Looming high above Glenade in County Leitrim lives the 330m high Eagles Rock. This limestone tower stands free of the surrounding Croontypruglish cliffs by an 80 metre gap. Acces to the base of the tower is by a steep scrambling traverse from the roadside carpark and information board. Follow the right of way out of the car park over the stile, follow this good path up onto the mountainside at about 200 metre contour. from here it is a steep contour south east to the landward col at the base of Eagles Rock. The base of Eagles rock and the collection of smaller towers and pillars in this area gives the col a gothic and Mordor type feel. This boulder strewn col is a place of almost demonic gothic architecture.
Eagles Rock is Ireland’s highest free standing tower and its entire summit plateau is covered in a thick carpet of the most luxurious soft bouncy heather you can possibly imagine. This gives mind blowing views towards Slieve League in Co Donegal and over the summit plateau of Arroo to the north. The summit of Eagles Rock has only been stood on by 6 people in two known ascents of the tower in 1971 and 2012.
Eagles Rock has only been climbed twice, its first ascent was in 1971 by a team from Craven Pothling Club and in 2012 Iain Miller, Steven "Jock" Read and Stevn McCann made the second ascent of the tower by the same route. A write up of that ascent is .
1: Eagles Rock lives high on the mountainside above the farmlands of Glenade in County Leitrim on the west coast of Ireland.
2: The access slopes are very steep and boulder strewn.
3: The easiest way to get to the base of the tower is to follow the right of way track over the stile just at the roadside carpark. Follow this excellent track until you are roughly at the same height as the col between eagles Rock and the main face. From here contour steeply along steep grassy slopes to the boulder strewn col.
4: The col between Eagles Rock and the main cliffs is an extemely atmospheric cauldron of towers, spires and a huge scattering of enormous limestone boulders.
5: The only route to the summit climbs the southern arete of the tower and is a 30 metre Severe climbed in three 10 metre pitches.
6: The first pitch is proctected by micro wires and climbs a vertical wall to an extremely airy stance and a good ledge. This belay is partially bolted.
7: The second pitch takes a rising traverse and a step across the void to another good stance on top of a huge arete that looks like it is detached from the rest of Eagles Rock. There is an old caving bolt from 1971 here as the primary attachment point at this stance.
8: The third pitch is near unprotected vertical grass, which takes you to the summit.
9: The anchors on the summit are tree roots in a cravasse about 15 metres back from the top of the route and a stake we placed in 2012. (The troops in 1971 may have placed stakes in the thick heather we could not find any in 2012)
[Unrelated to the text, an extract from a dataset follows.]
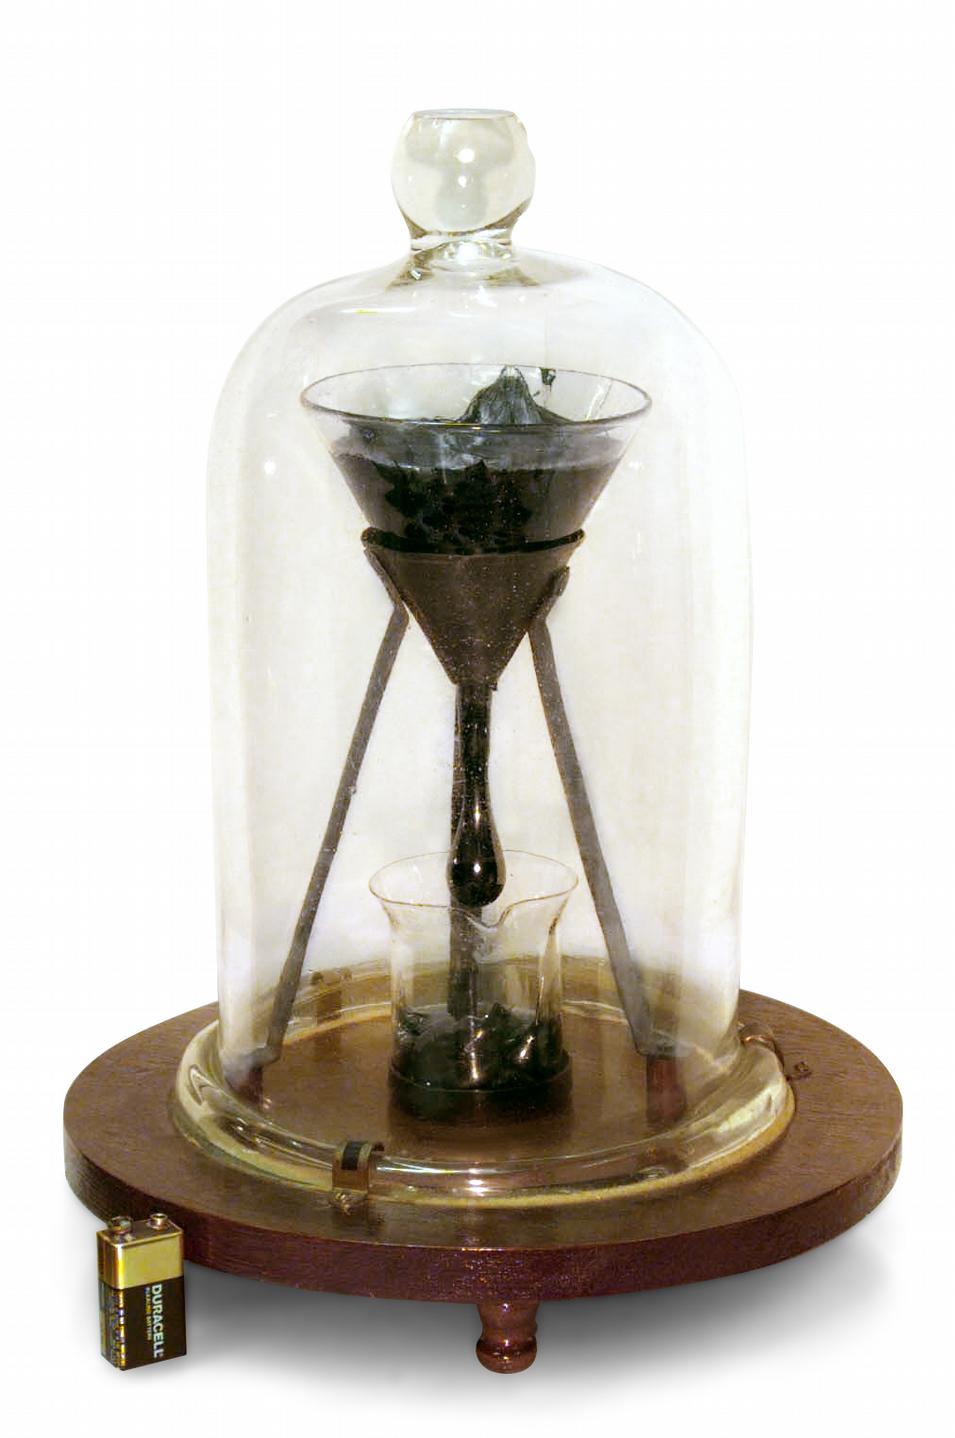 The pitch drop experiment Started in 1927 by Professor Thomas Parnell of the University of Queensland in Brisbane, Australia.

10: To rig your abseil anchors from the summit you will need 20m of tat and a 4 foot, 2 inch angle iron stake, the soil on the summit is very deep and soft.
11: The abseil back down the route involves a bit of a swing and a re-belay to reach the stance at the top of pitch one.
12: Upon returning to terra firma you will laugh for a long time. :-)
The above are just a few thoughts on attempting this tower, it's location high above Glenade is outstanding. It is always worth bearing in mind that the actual climbing is by far the easiest part of your day with the logistics of actually getting back to the base of the tower from the summit as the crux of your day.